What does Know-Your-Customer (KYC) mean?

The Money Laundering Act stipulates that obliged entities must know their customers. But how does the identification of customers according to the Money Laundering Act, i.e. KYC, work?

 

Why does a KYC procedure have to be carried out?

The natural enemy of money laundering is transparency, so it is important to know your customer. According to the Money Laundering Act, the central task is to determine and verify certain customer data. The more unusual the individual case, the more information must be collected about the customer.

All processes and documents must be comprehensively documented. The documentation protects you and the company from having to pay high fines. The supervisory authorities check that complete documentation is available for each customer.

How does a KYC procedure work?

The KYC process is essentially divided into three sections: Identification, i.e. the collection of data from the customer, verification and, finally, risk assessment. The individual steps can be very complicated.

KYC for natural persons

If your customer is a natural person, i.e. not a company, there are a few things to bear in mind. Firstly, you must establish exactly who the contractual partner is. Sometimes it can happen that another person acts on behalf of the contractual partner. There can be various reasons for this, e.g. the contractual partner is not on site or there are language barriers. However, it is also possible that someone is deliberately being used as a front man. The person acting as a front man must therefore always be included in the verification process in accordance with the Money Laundering Act. The following information must be collected from the contractual partner and any person acting as a front man:

First name and surname, place of birth, date of birth, nationality (both in the case of dual nationality) and
a residential address

All information of the customer and any persons appearing must be verified by a valid identification document.

KYC for legal entities

If the customer is a legal entity, i.e. a company, there are many things to consider. Firstly, you need to establish exactly who the contractual partner is. There are many types of company, such as limited liability companies, public limited companies, limited partnerships or civil law partnerships (GbR for short). It is also possible that a foreign company form is involved. The following information must be collected from the contractual partner:

Company name, name or designation, legal form, registration number, if available, address of the registered office or principal place of business and the names of the members of the representative body or the names of the legal representatives.
Representative.

If a member of the representative body or the legal representative is again a legal entity, the company name or designation, legal form, registration number, if available, and address of the registered office or principal place of business must also be collected.

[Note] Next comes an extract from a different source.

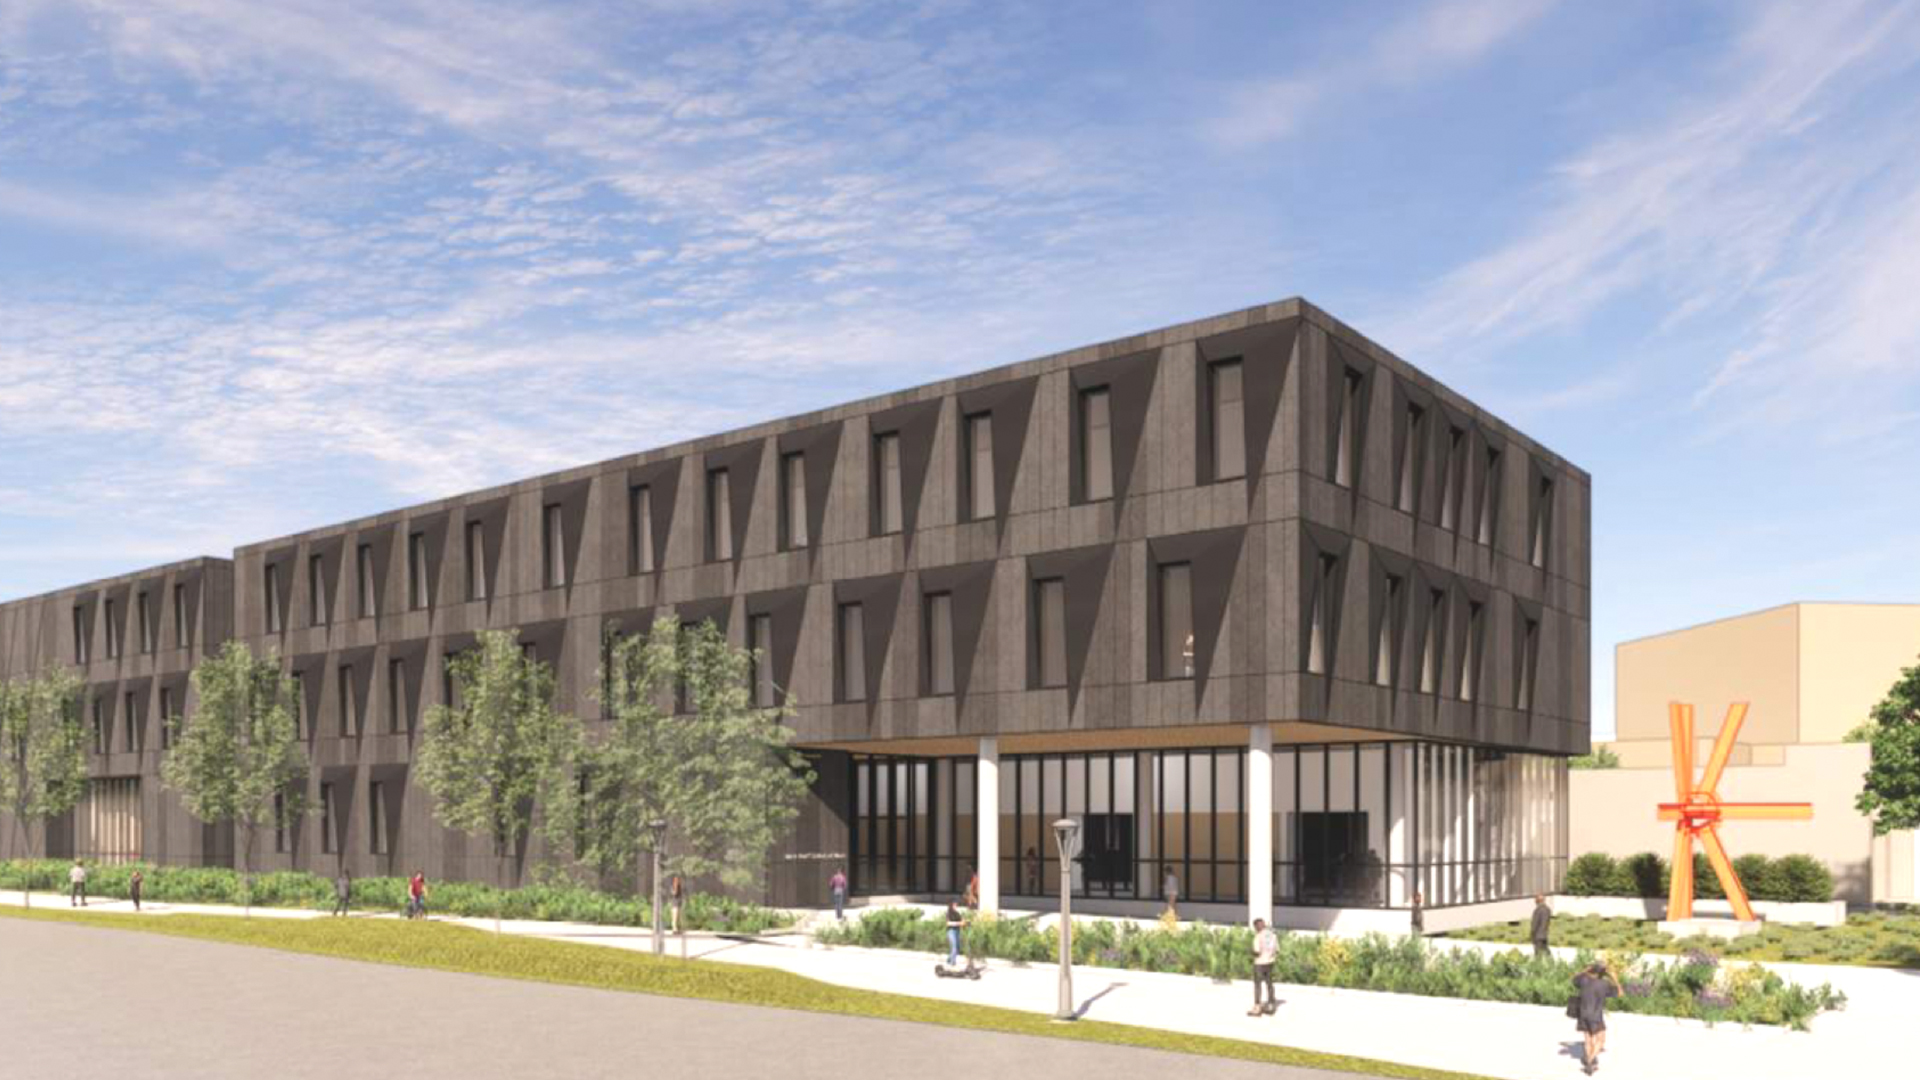 Architectural rendering of the new Westbrook Music Building estimated to be completed in Spring 2025
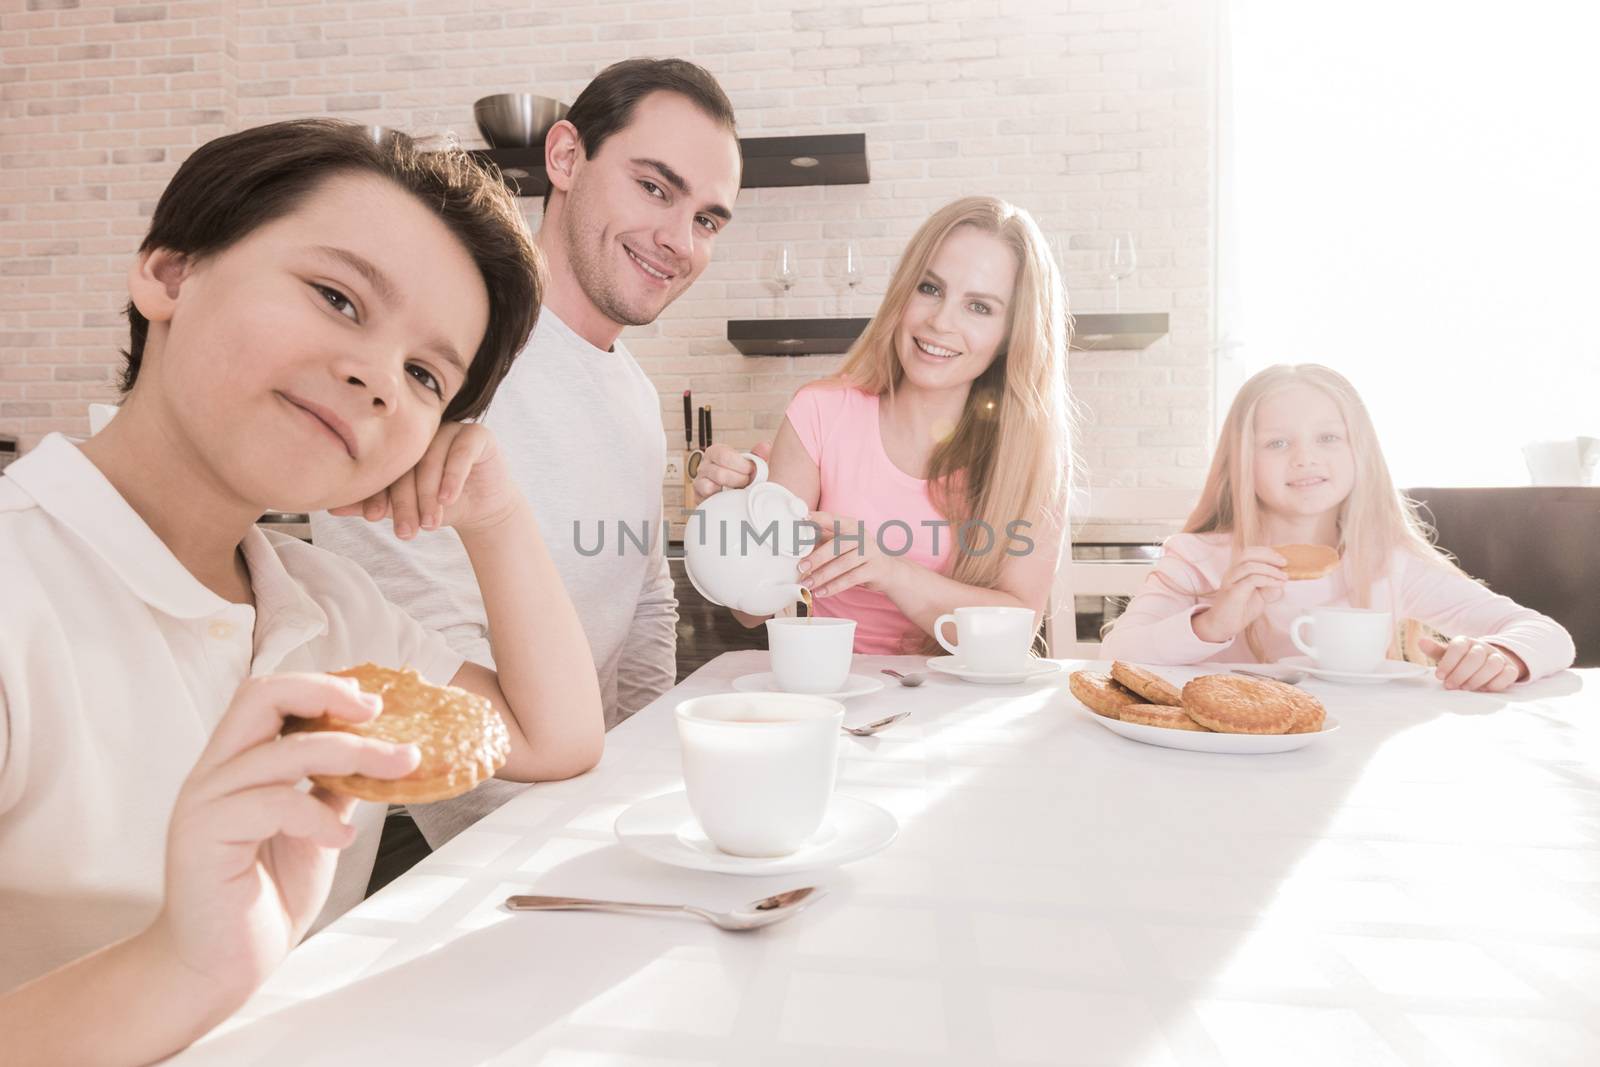 Happy family with children having breakfast at home

The information must be verified on the basis of suitable documents. These include, for example, an extract from the commercial, co-operative or association register or founding documents or comparable documents.

Appearing person

Companies are always represented by a natural person. This can be the managing director, an authorised signatory or another representative of the company.

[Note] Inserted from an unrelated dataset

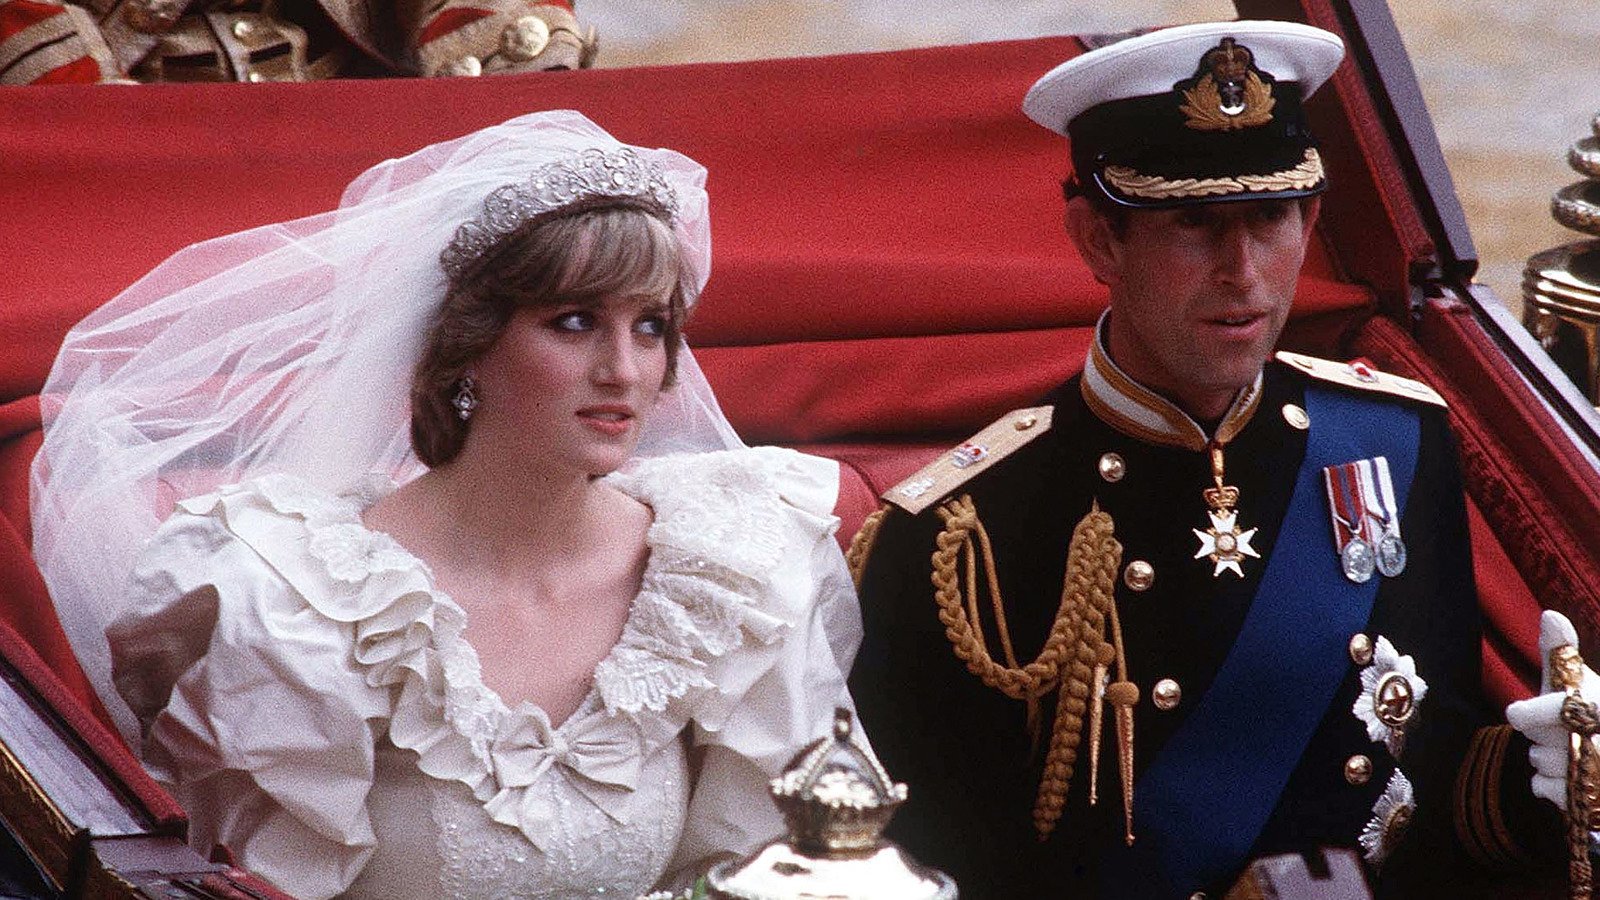 This Royal Had The Best Wedding Dress, According To 35% Of People
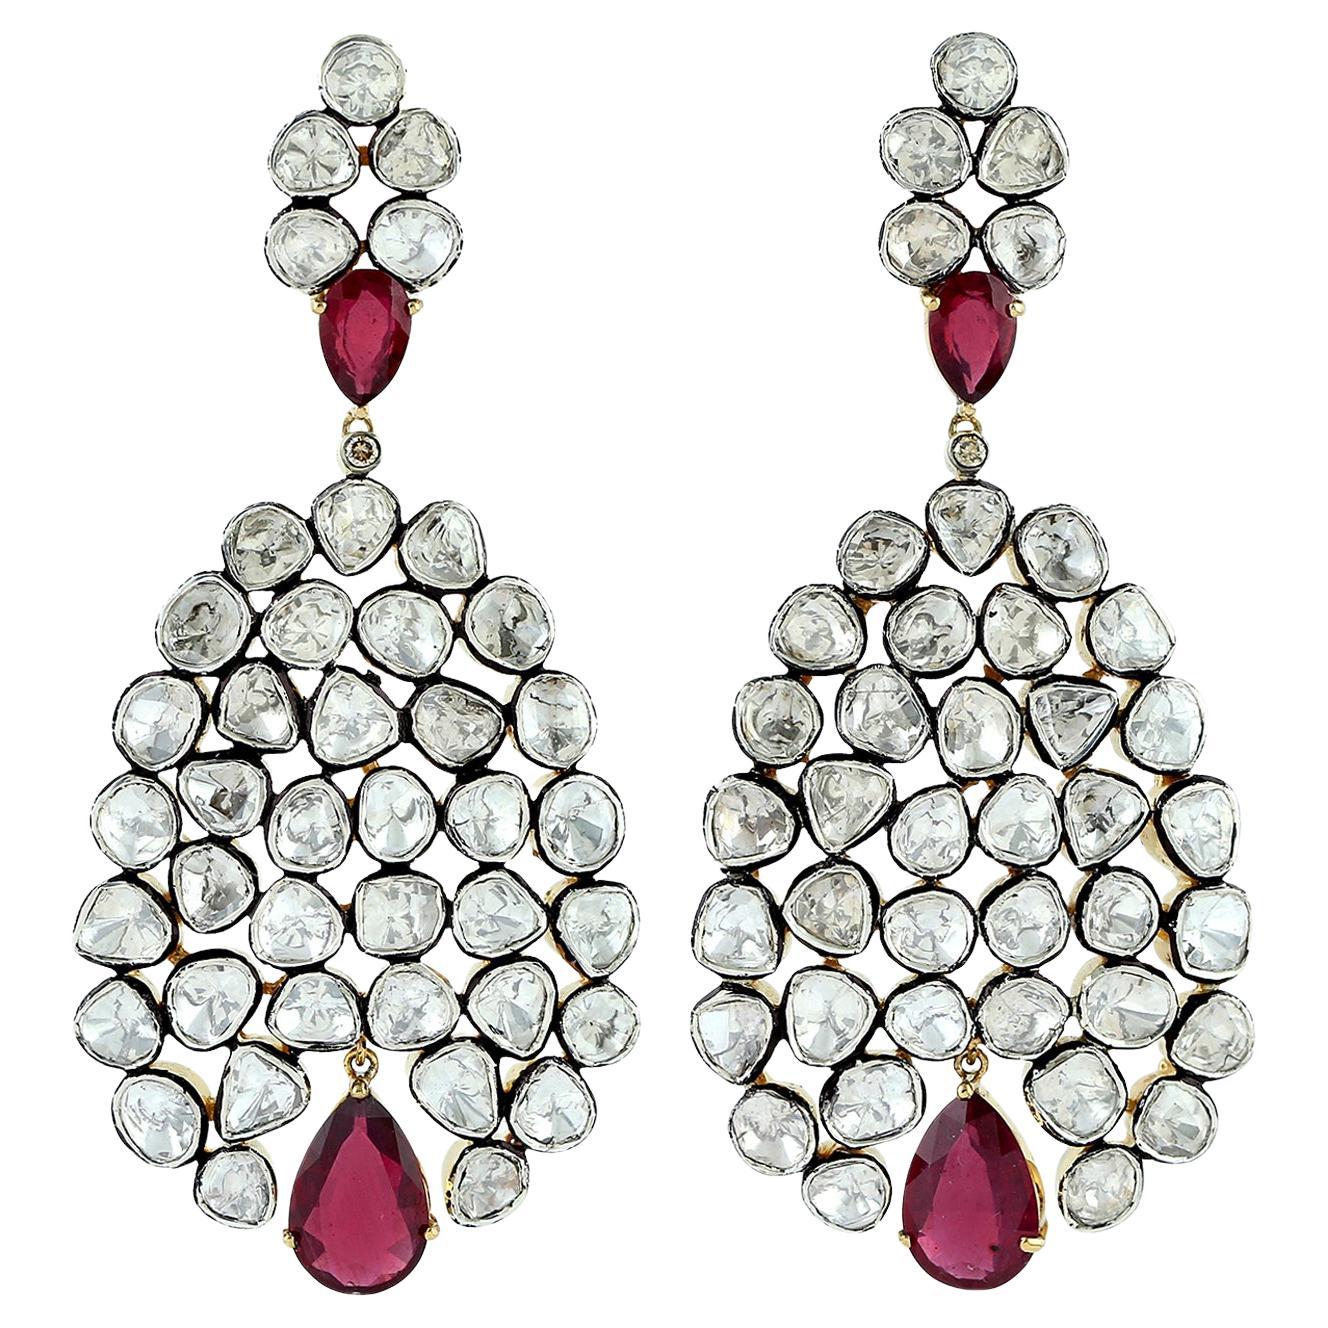 17.48ct Rosecut Diamonds Dangle Ears With Ruby In 18k yellow Gold & Silver

The following information must again be collected from the performing person:

First name and surname, place of birth, date of birth, nationality and a residential address.

The information must be verified using a valid official photo ID, e.g. identity card or passport. It must also be checked whether the person appearing is authorised to act on behalf of the contractual partner.

Beneficial owner

Furthermore, a beneficial owner must always be identified for legal entities. This is the natural person who owns or controls a legal entity. It must be checked whether the information requested from the customer matches the information contained in the transparency register.

Risk assessment

Finally, a risk assessment is necessary based on a large number of factors. There are typical risk persons and risk situations where additional measures (so-called enhanced due diligence) must be taken, e.g. in the case of politically exposed persons (PEP), high-risk countries or other conspicuous situations.

At what point does a KYC procedure have to take place?

The KYC procedure must always take place before the business relationship is established.

Doesn't that all speak against data protection?

The Money Laundering Act expressly stipulates that the customer must be identified and checked.
There is a special legal basis for this in § 11a GwG.

How long do the KYC documents have to be kept?

All information collected and verification processes relating to customers must be documented in detail and retained for at least 5 years. A breach of the documentation and retention obligation can be severely penalised.